» What you should do
An exact, picture-free copy of the listing is required.

» Data below
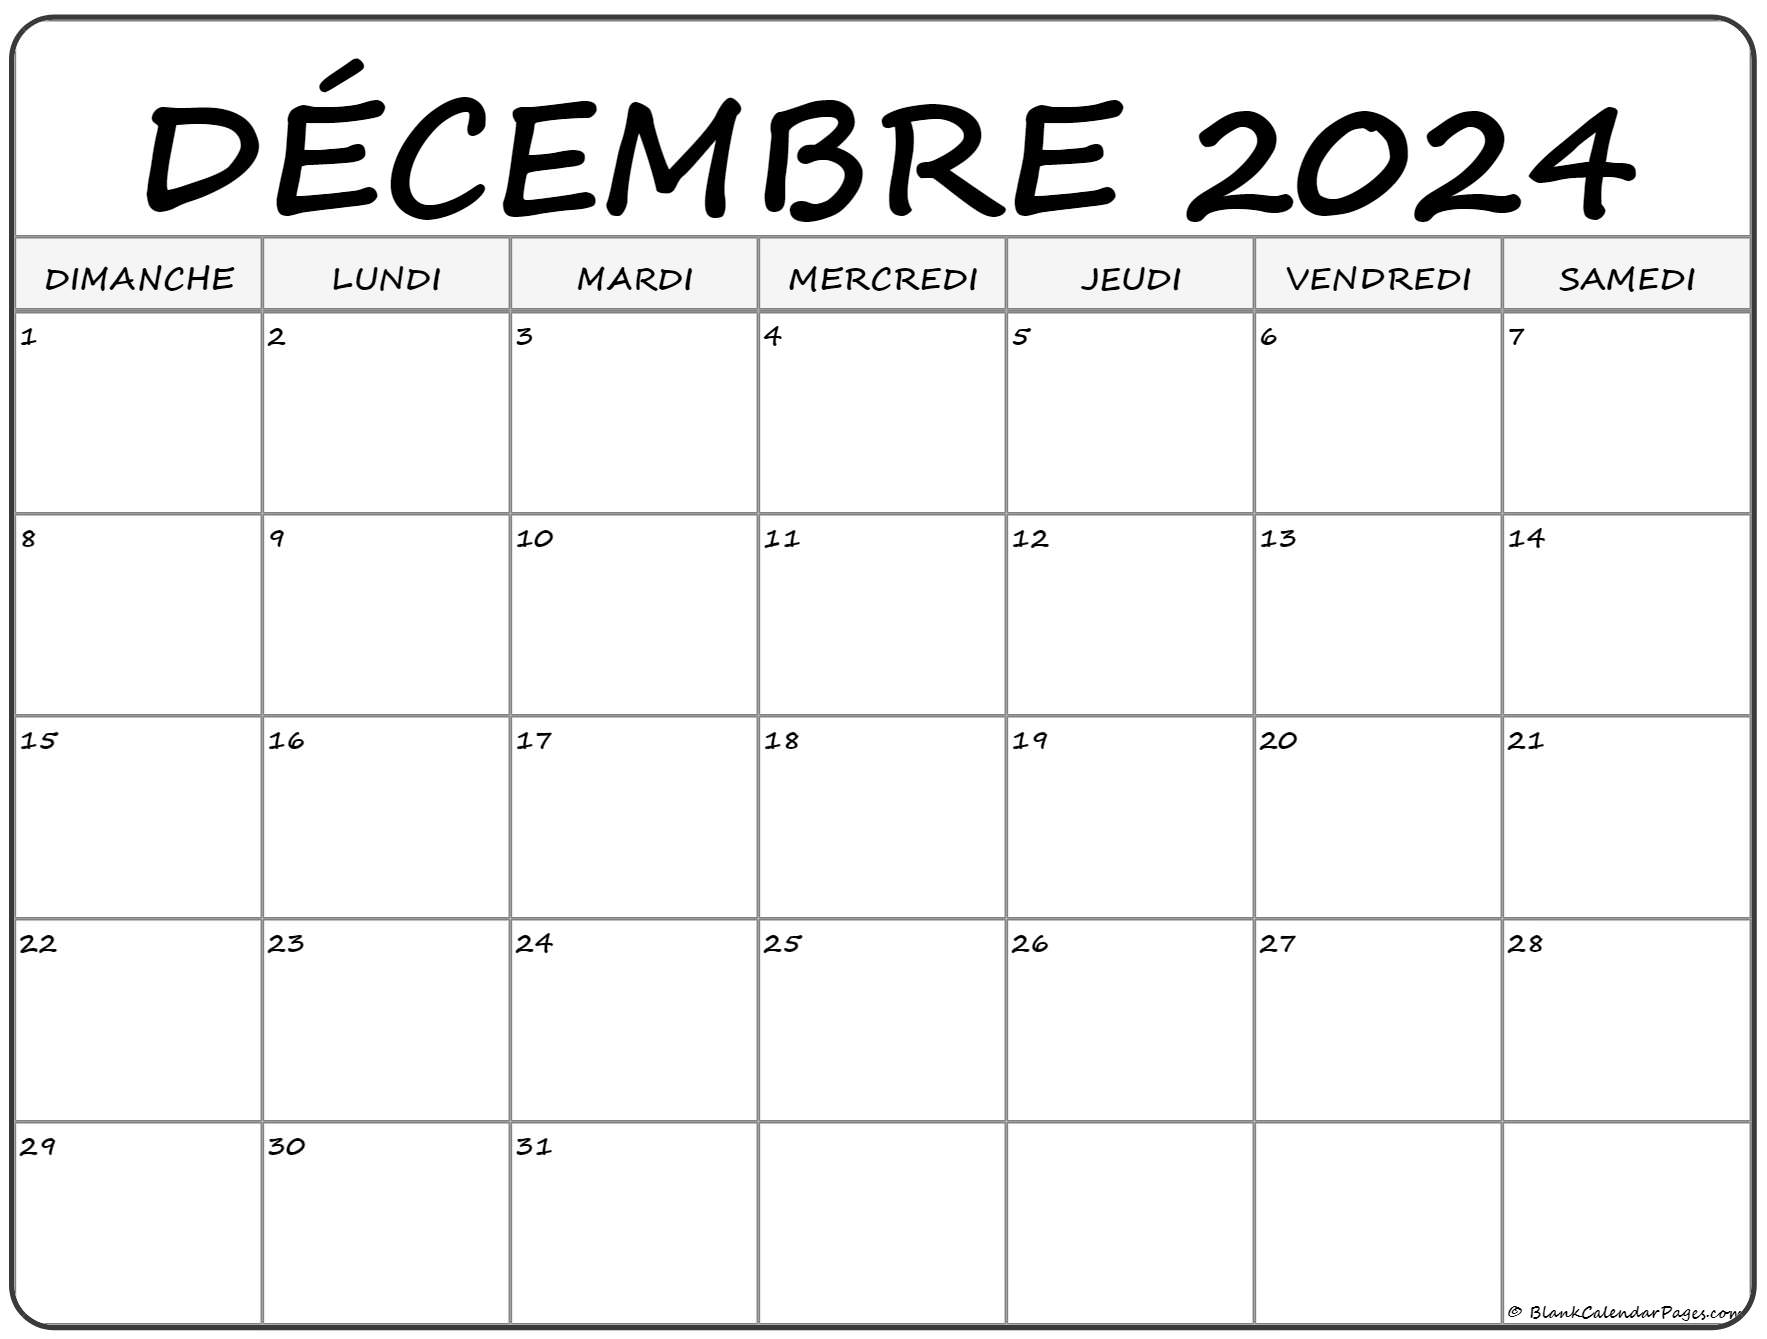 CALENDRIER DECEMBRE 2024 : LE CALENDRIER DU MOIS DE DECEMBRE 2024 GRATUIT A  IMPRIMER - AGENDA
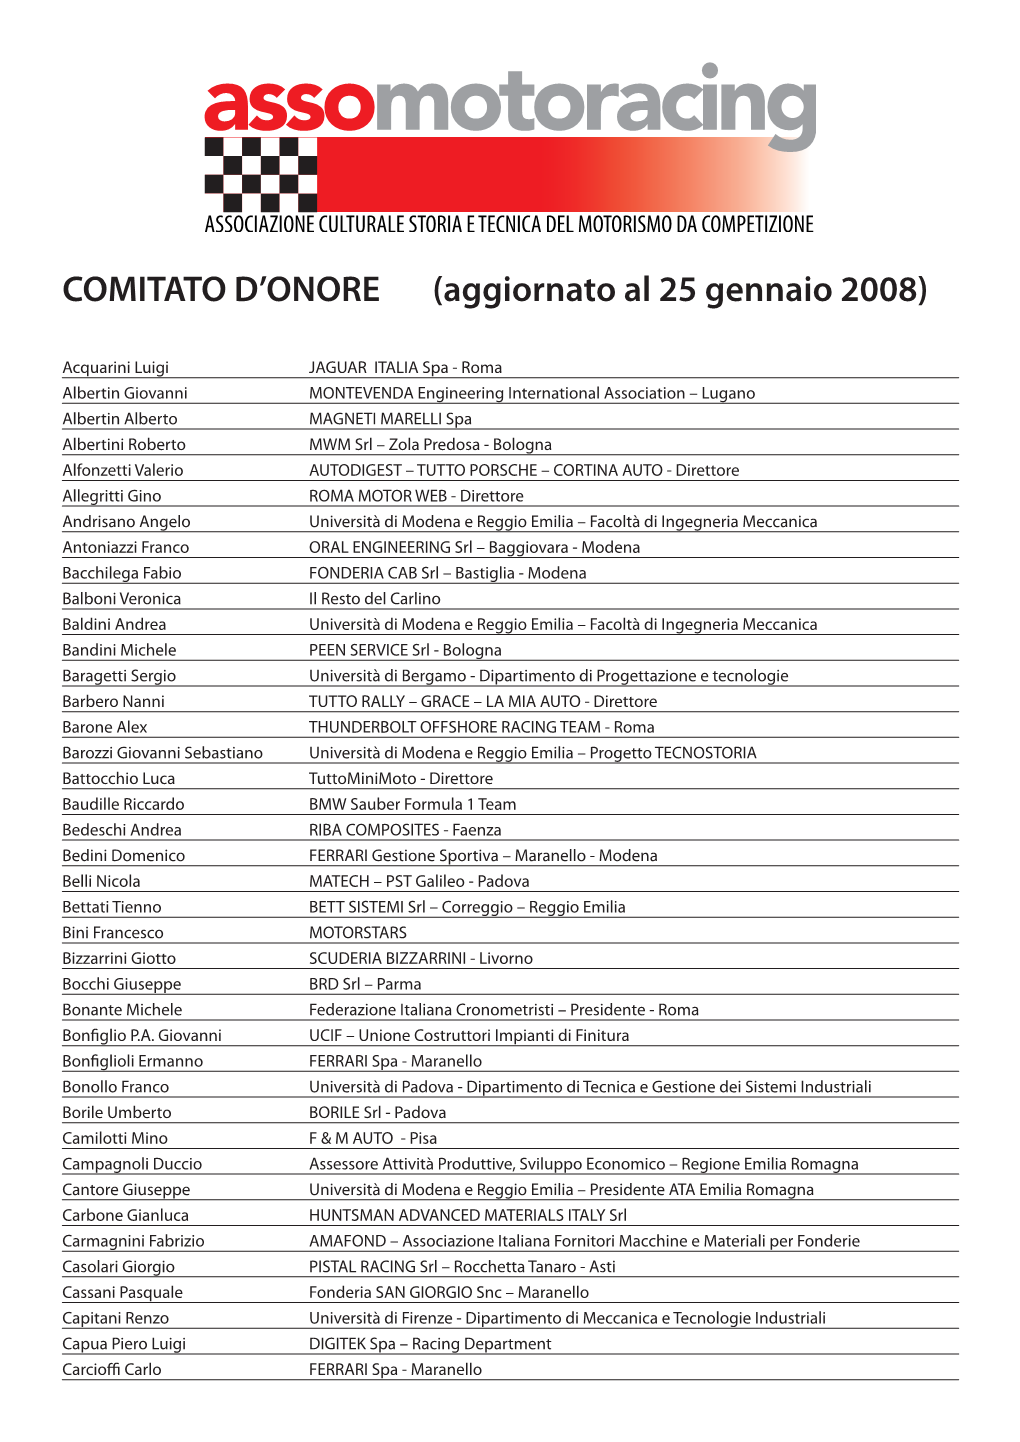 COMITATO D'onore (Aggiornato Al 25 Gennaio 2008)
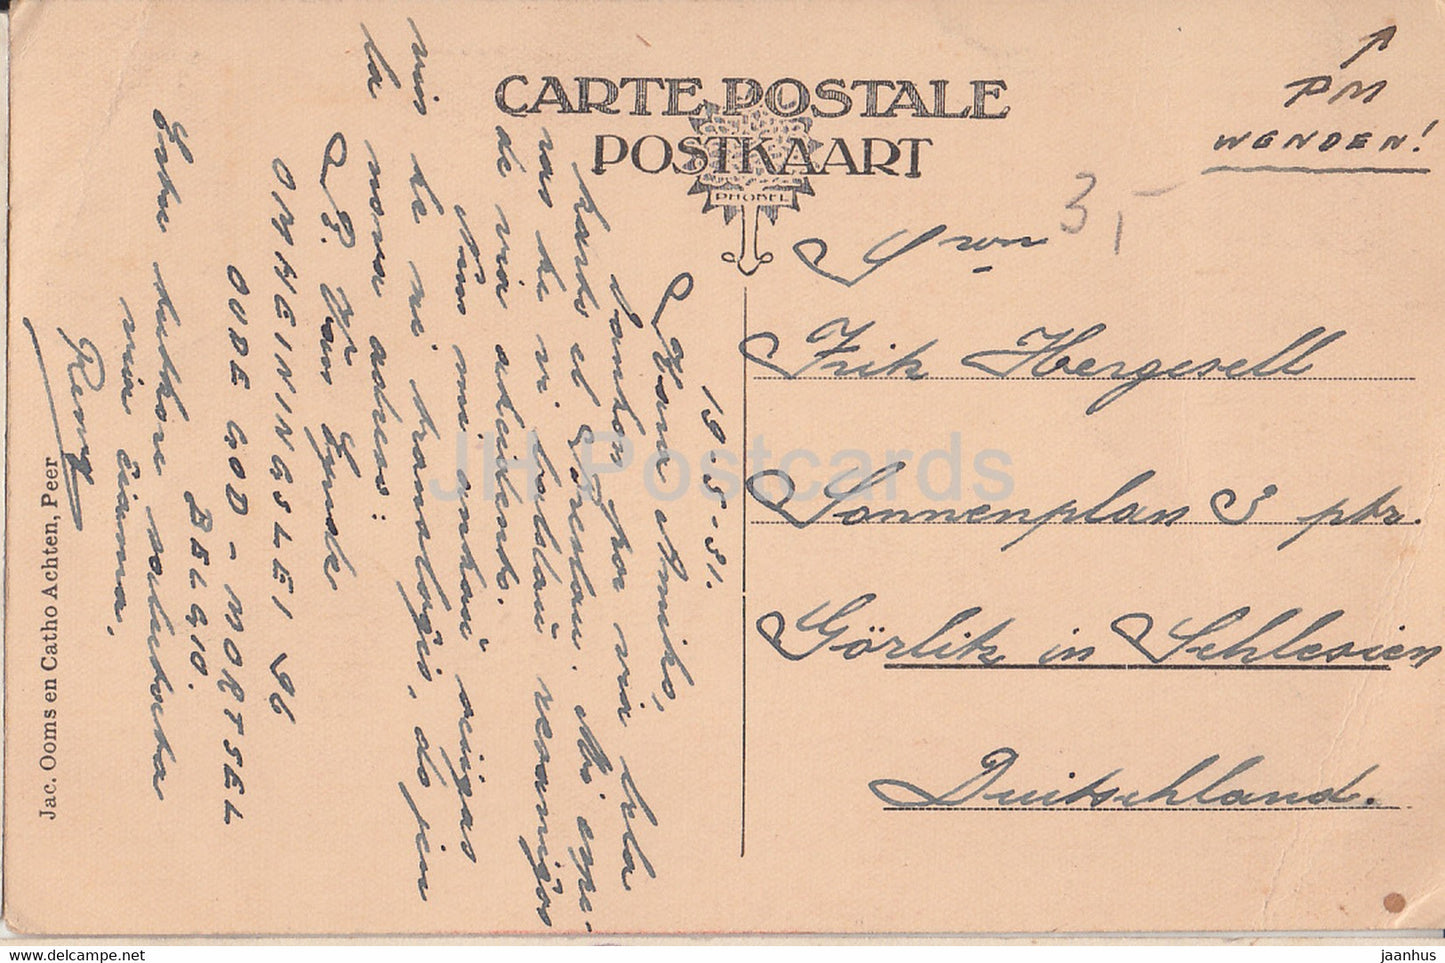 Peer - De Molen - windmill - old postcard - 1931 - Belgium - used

» Response to this exercise
 CALENDRIER DECEMBRE 2024 : LE CALENDRIER DU MOIS DE DECEMBRE 2024 GRATUIT A  IMPRIMER - AGENDA
 COMITATO D'onore (Aggiornato Al 25 Gennaio 2008)
 Peer - De Molen - windmill - old postcard - 1931 - Belgium - used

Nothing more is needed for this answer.